Task: Copy the data exactly. Images are to be left out.

Data excerpt:
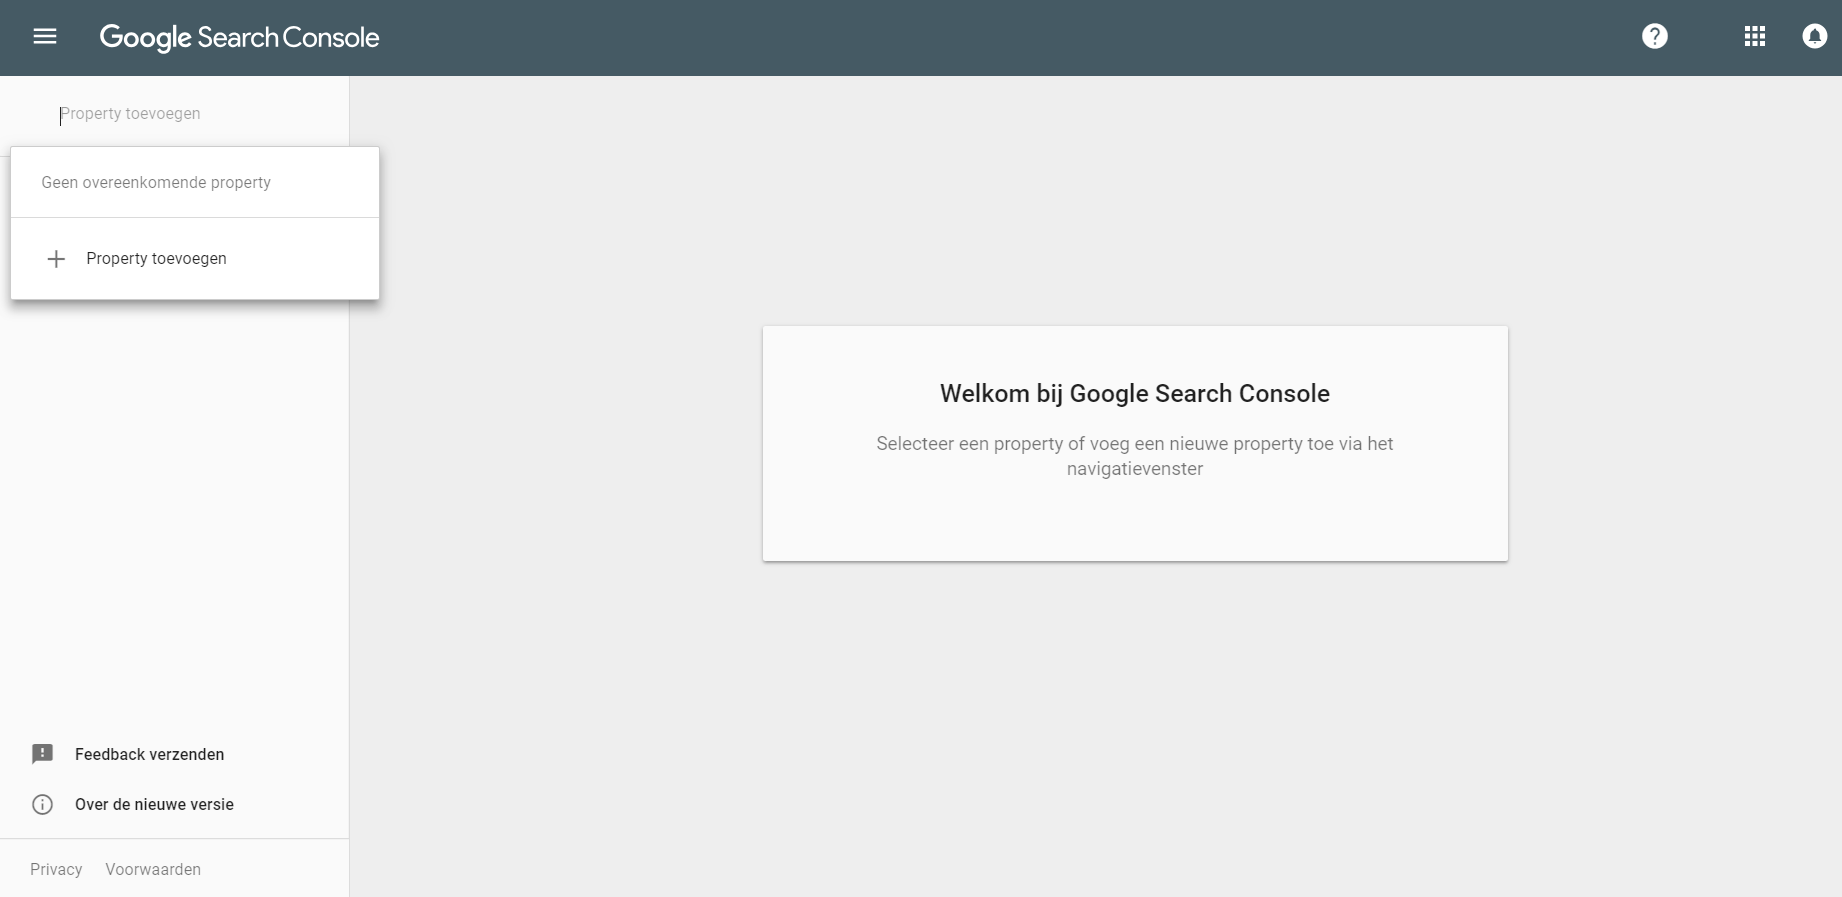 Poperty toevoegen in de Google search console
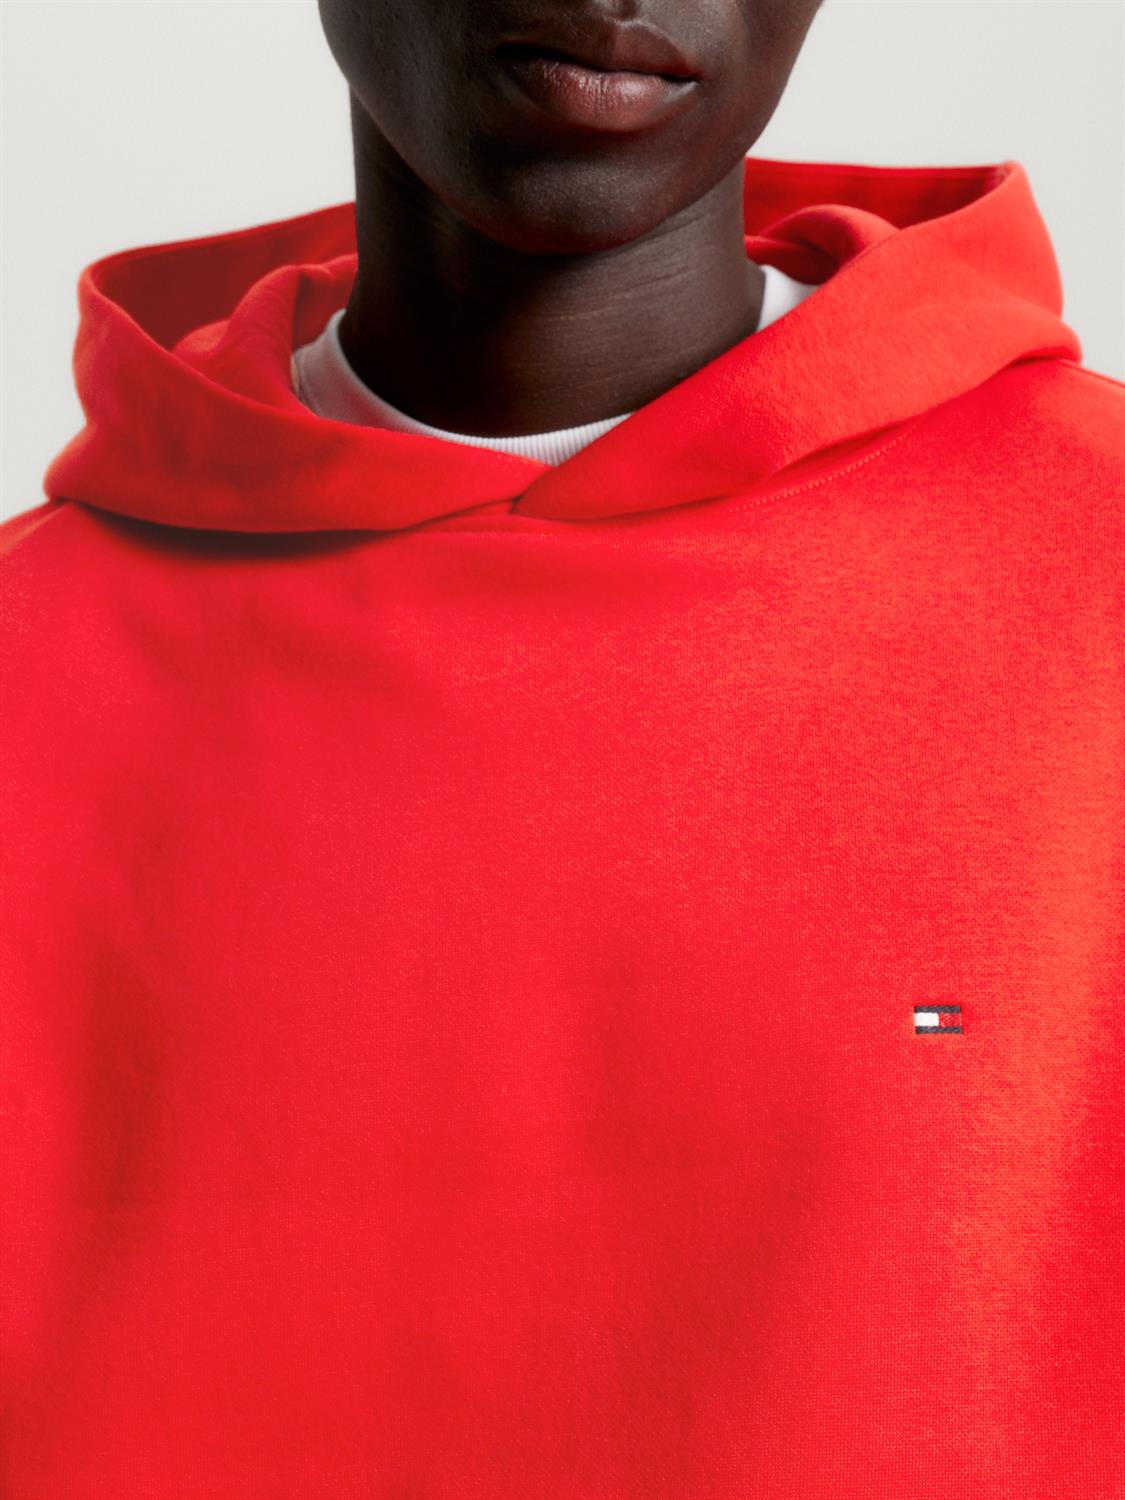 Tommy Hilfiger Herren Hoodie kaufen mit Sweatshirt orange bei Logo online bequem Flag
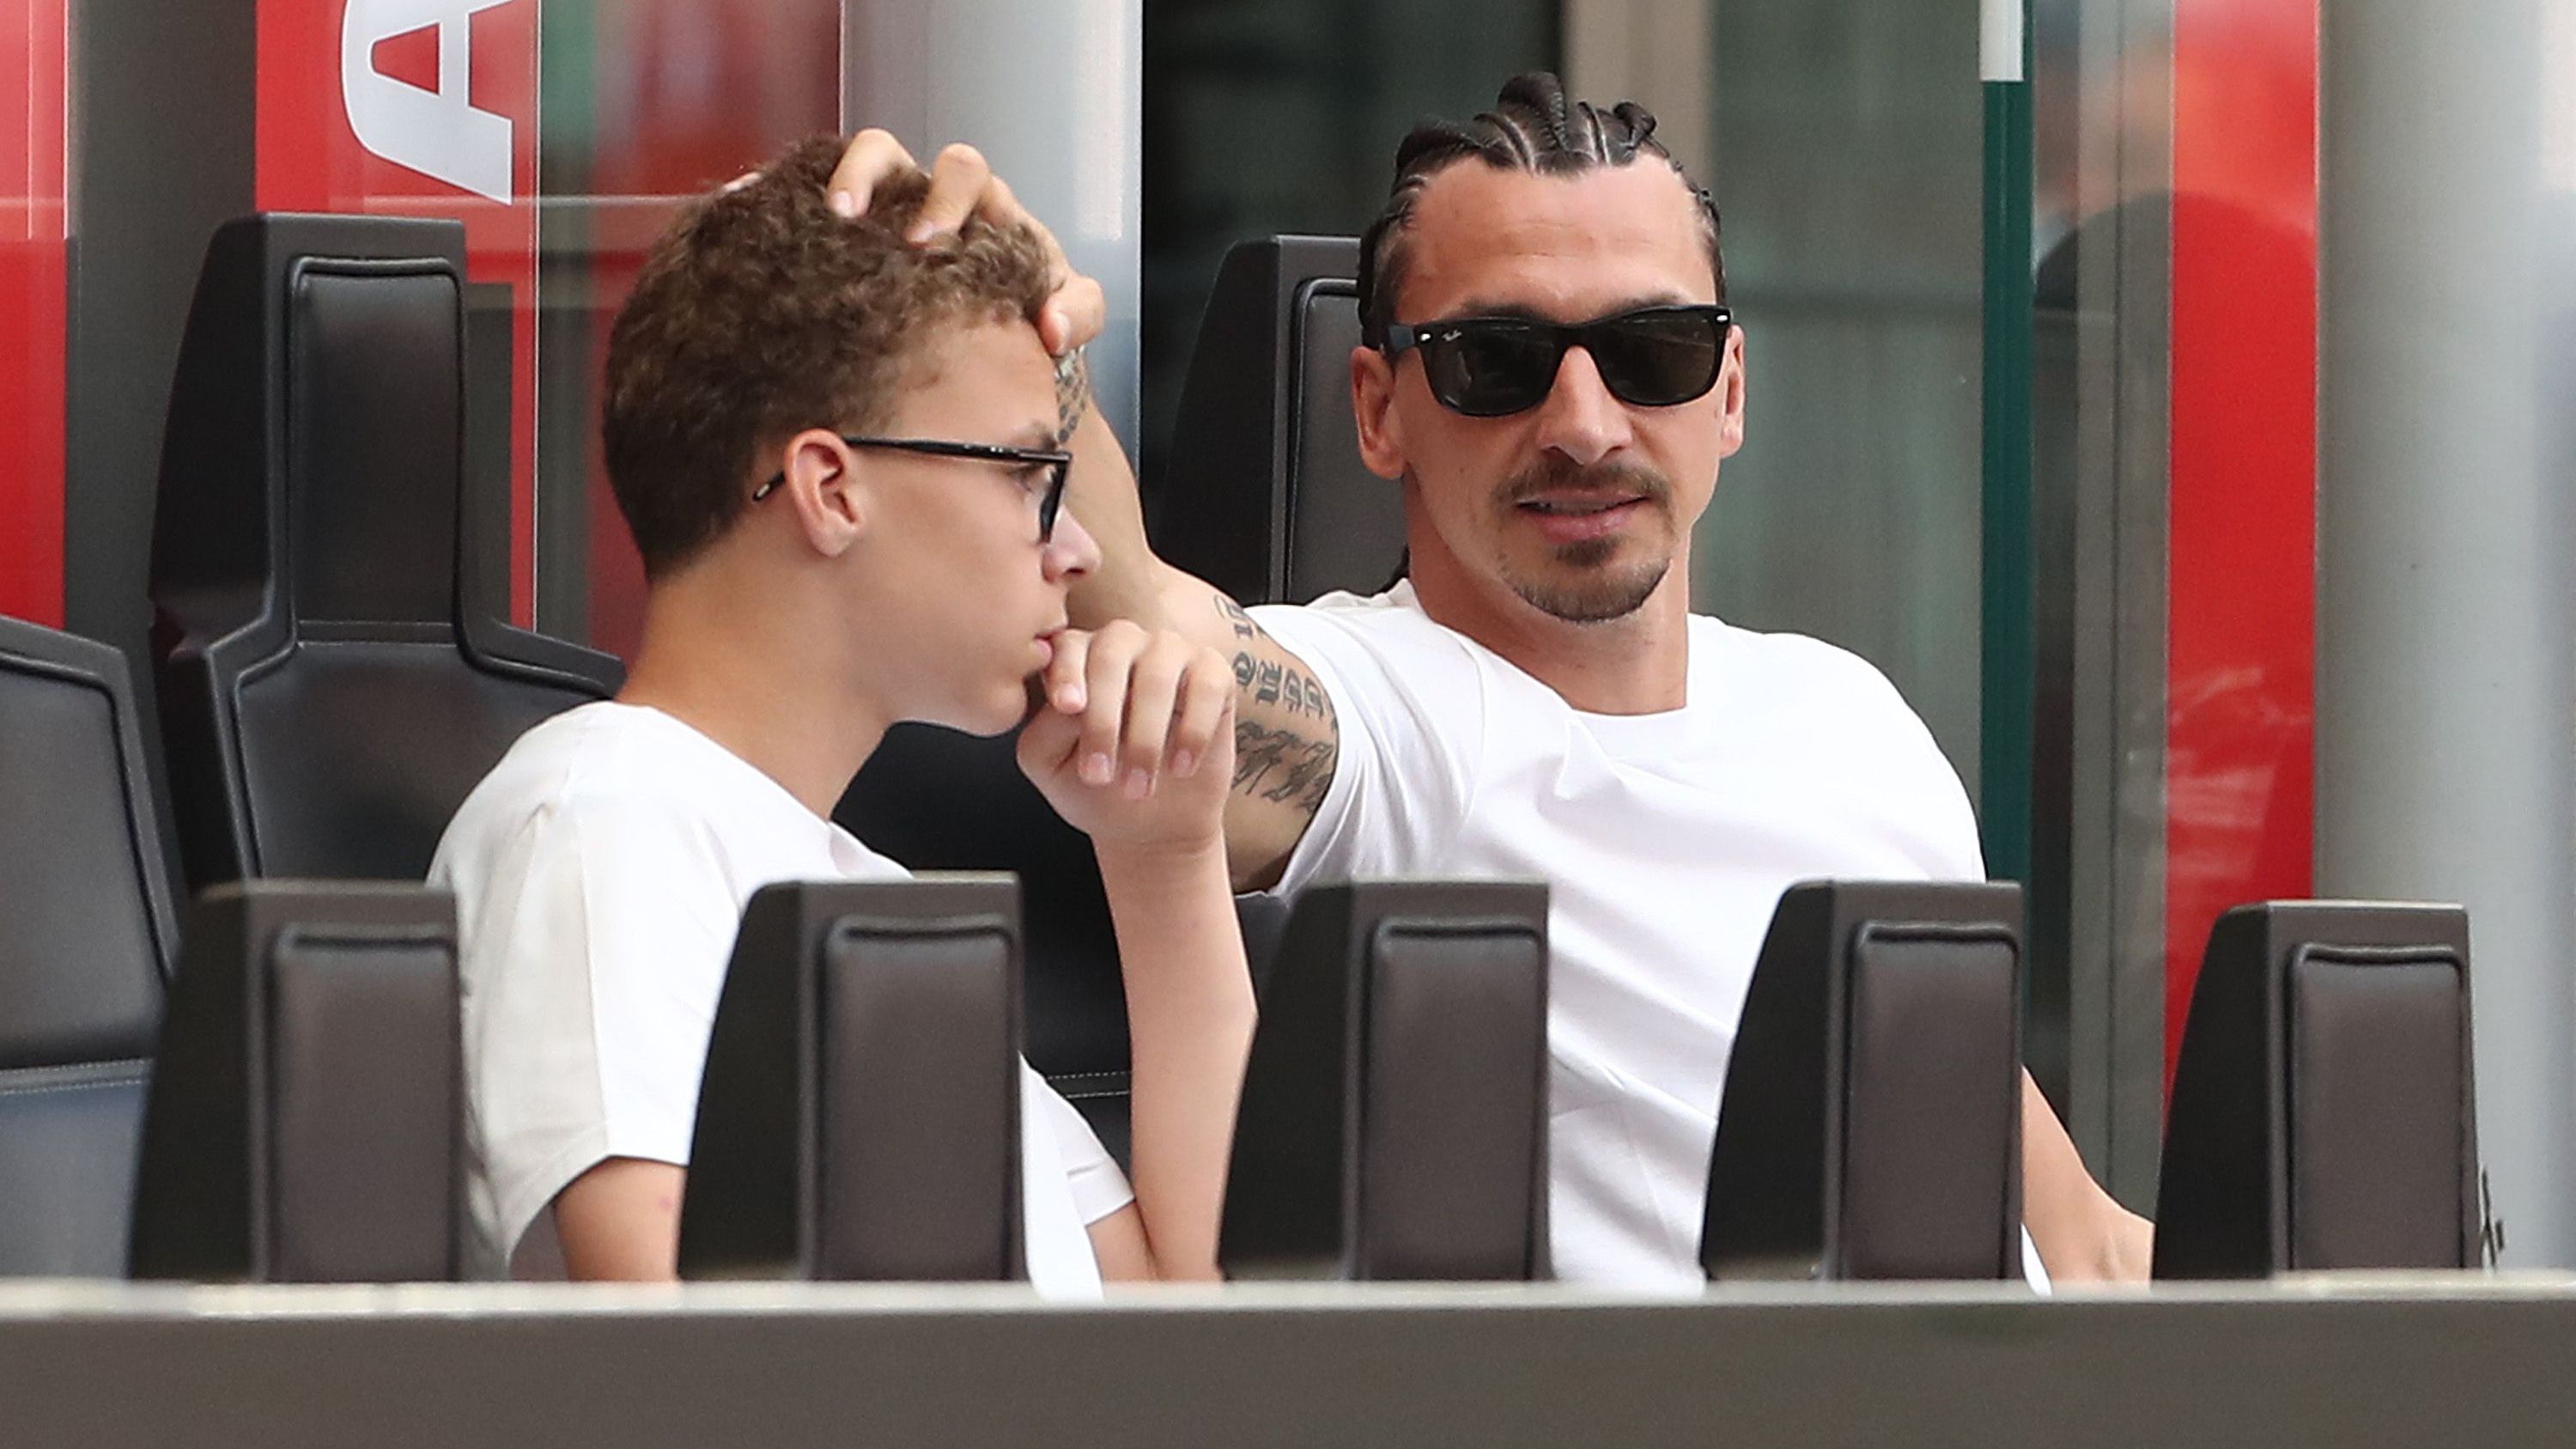 Vincent Ibrahimovic és édesapja, Zlatan
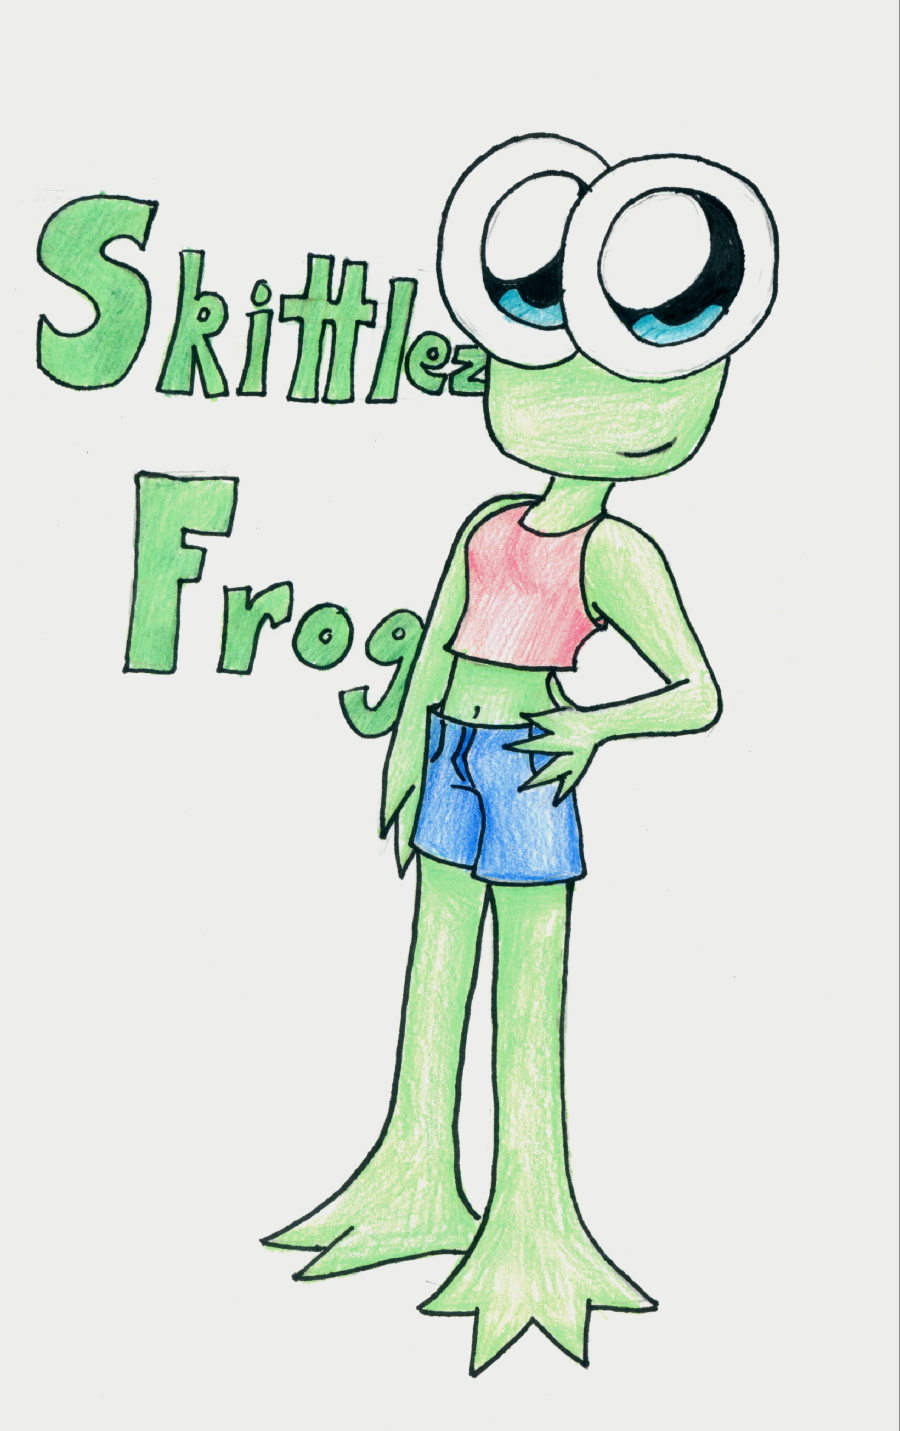 Request for skittlezfrog by Indigo_Foxx

Your solution:
 Poperty toevoegen in de Google search console
 Tommy Hilfiger Herren Hoodie kaufen mit Sweatshirt orange bei Logo online bequem Flag
 Vincent Ibrahimovic és édesapja, Zlatan
 Request for skittlezfrog by Indigo_Foxx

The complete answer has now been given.